Crackpots Detail Insane Ideas For Banking Reform

Credit Slips has this wild idea about reforming the banking system by letting some fairy-tale character named “Bob” run around issuing loans to qualified people in his community. We normally love Credit Slips as a well-researched piece of scholarly work masquerading as a blog, like cauliflower disguised as Cheetos, but this “community banking” idea? Ridiculous, right?! Grab a juice box and hit the jump to see what happens when economists take a stab at children’s fiction.

Bob was a local banker. He lived in the same town where his bank was. He was a loan officer, probably a Vice President, and worked for the bank for years. Bob married his high school sweetheart, raised four or five kids in the town you lived in, belonged to the local optimist club, and attended a local church every Sunday. Bob showed up at most of the civic events in town. You saw him at many of the weddings, christenings, and funerals in town too. Bob knew everybody who was anybody in your town. He also knew a lot of nobody’s as well, but that didn’t matter to him – anybody or nobody, you were from his town and he was the banker.

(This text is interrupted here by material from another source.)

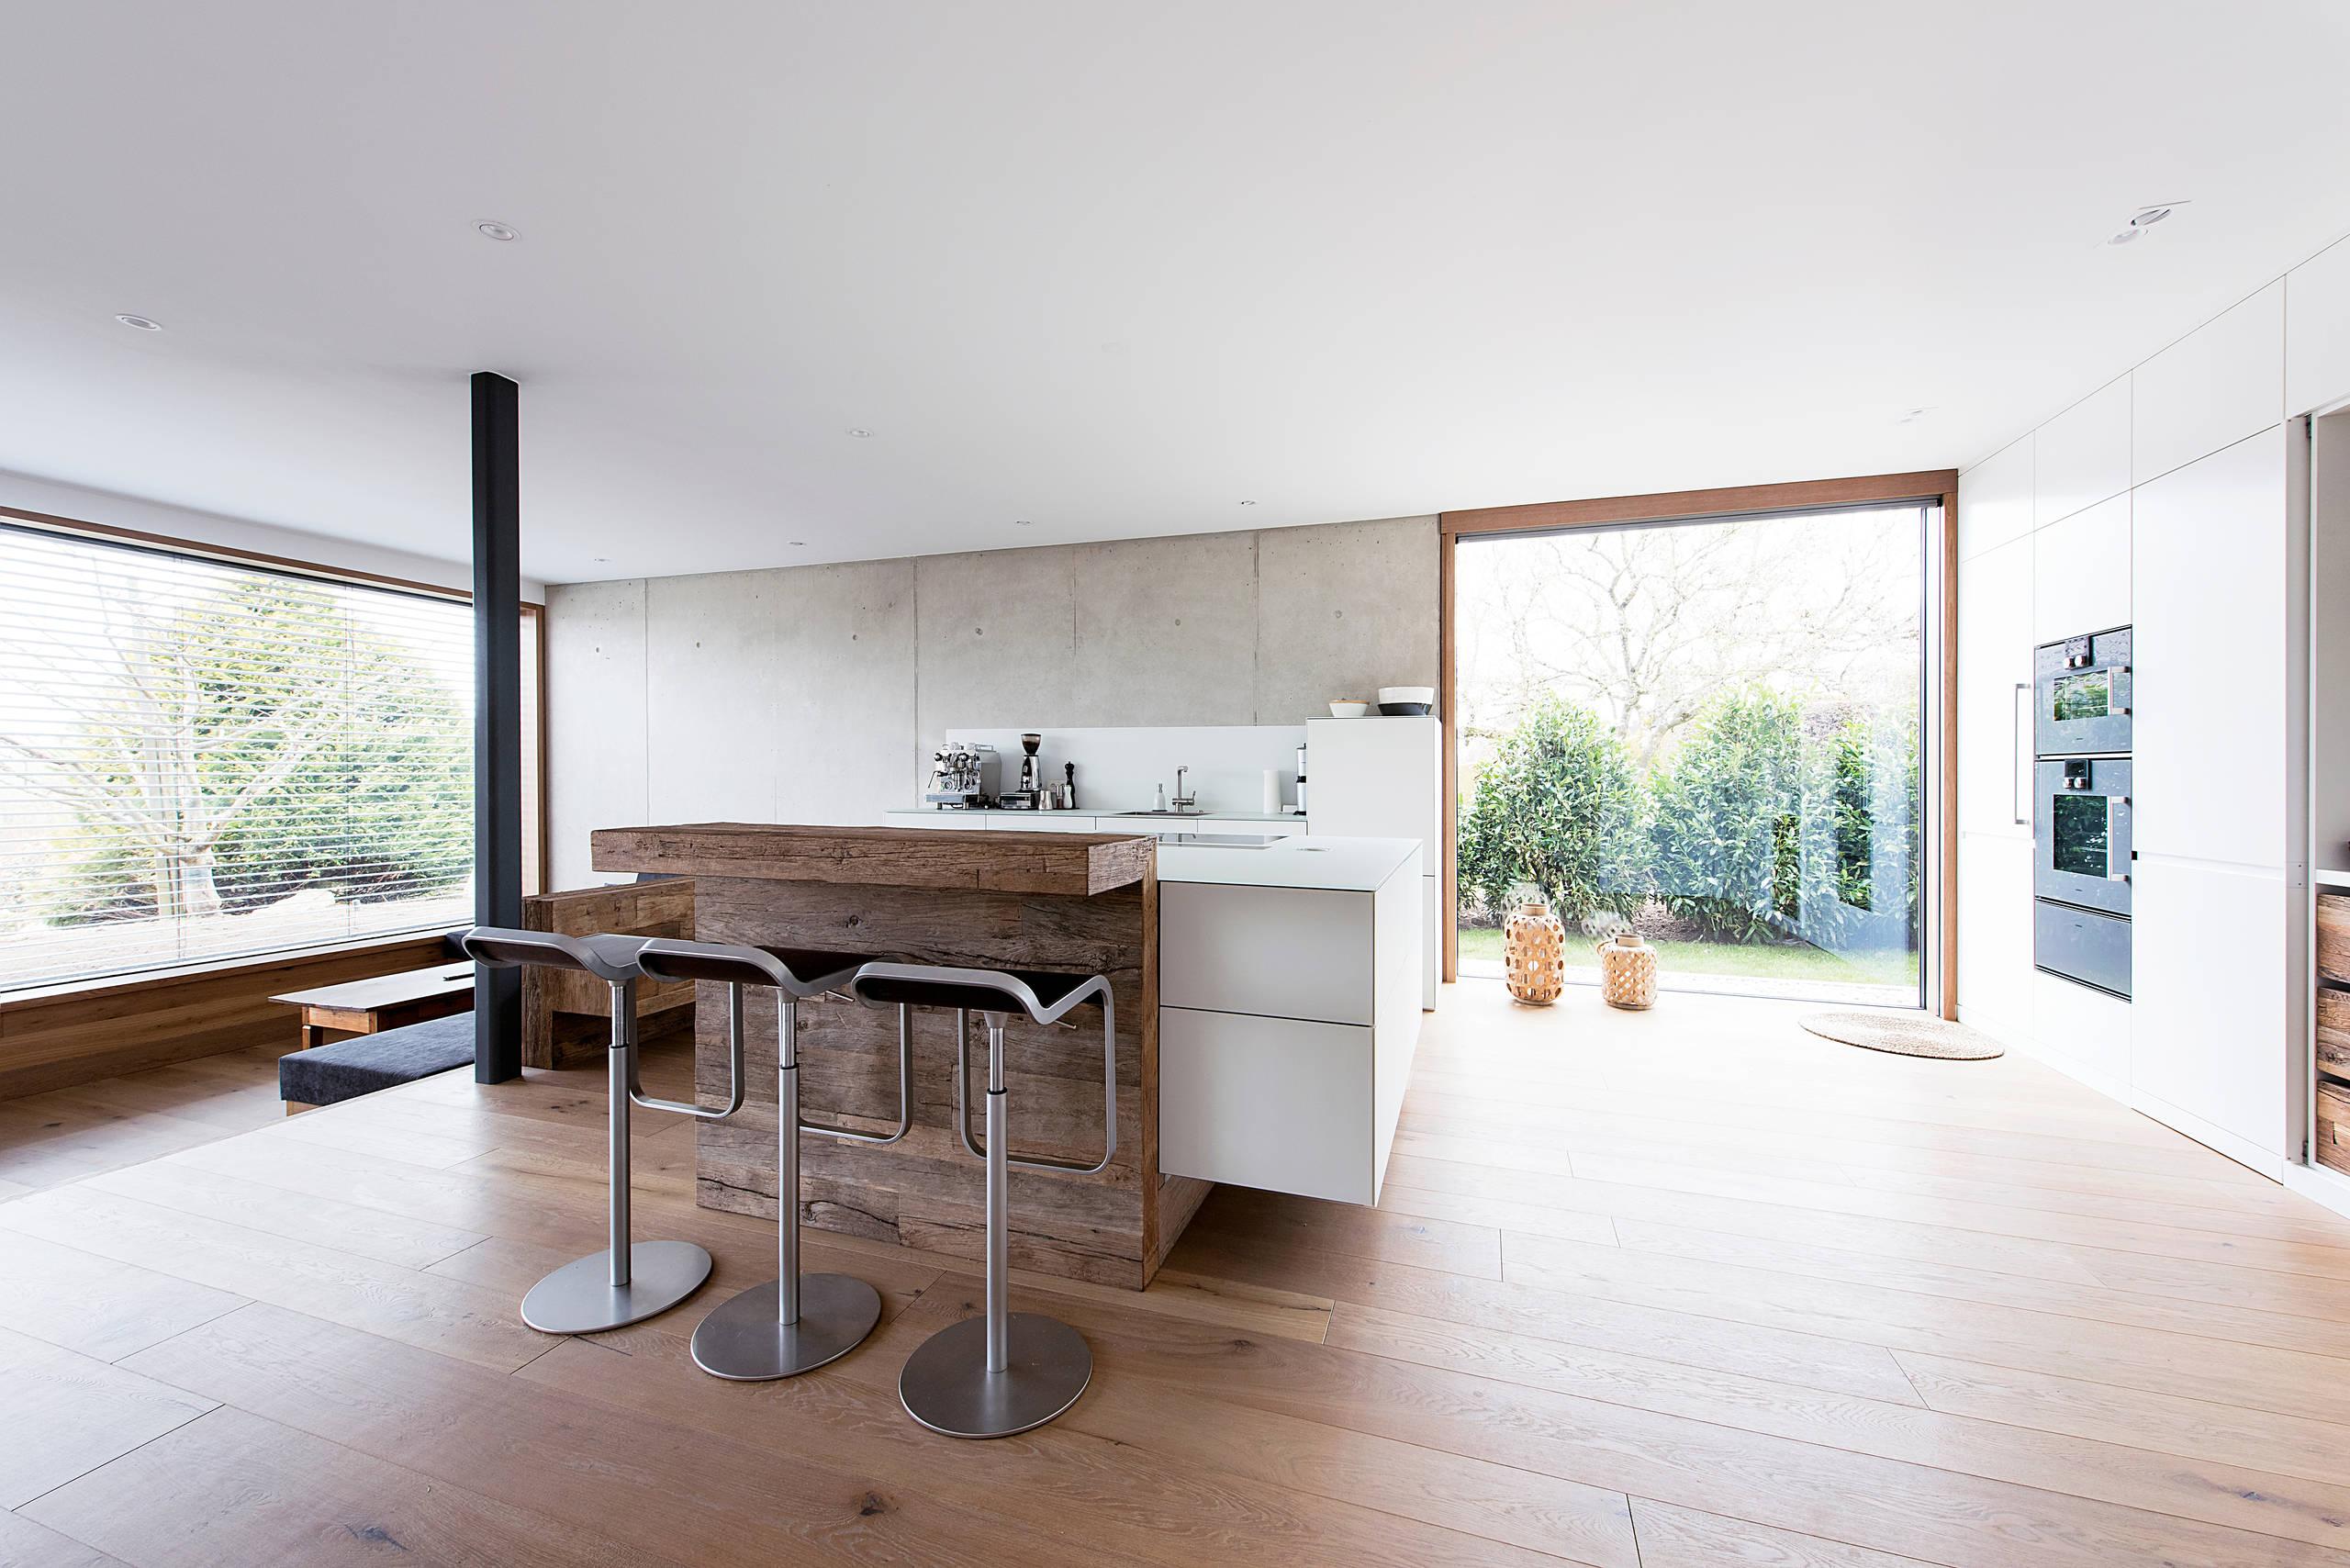 Bayrische Küche nach Maß – mit Altholz und cleveren Verstecken

Bob viewed himself as the guardian of the bank’s money, and the reputation of the bank in the local community was very important to him. When people needed money, they would come to Bob to apply for a loan. There was paperwork to fill out, but it usually wasn’t very extensive. Bob looked at the paperwork to be sure, but Bob knew you, he knew your parents, he knew where you worked, and he knew how much money you made. Most importantly, Bob had a pretty good idea what sound financial practices were and he cared about your financial well-being because it was tied to his bank’s reputation.

If you tried to borrow money to buy a house or a car you couldn’t afford, Bob would take you aside, puffing on his cigar, and say, “Son [a term applied to all males under 50 years old, sic] there’s no way I can loan you this money because you can’t pay it back. If I have to foreclose on you, my name will be mud in this town…”

Hey Nostalgists, your drugs aren’t wanted here! Maybe next year if Bank of America stops trading at $13 we can afford your family trip back to Pleasantville.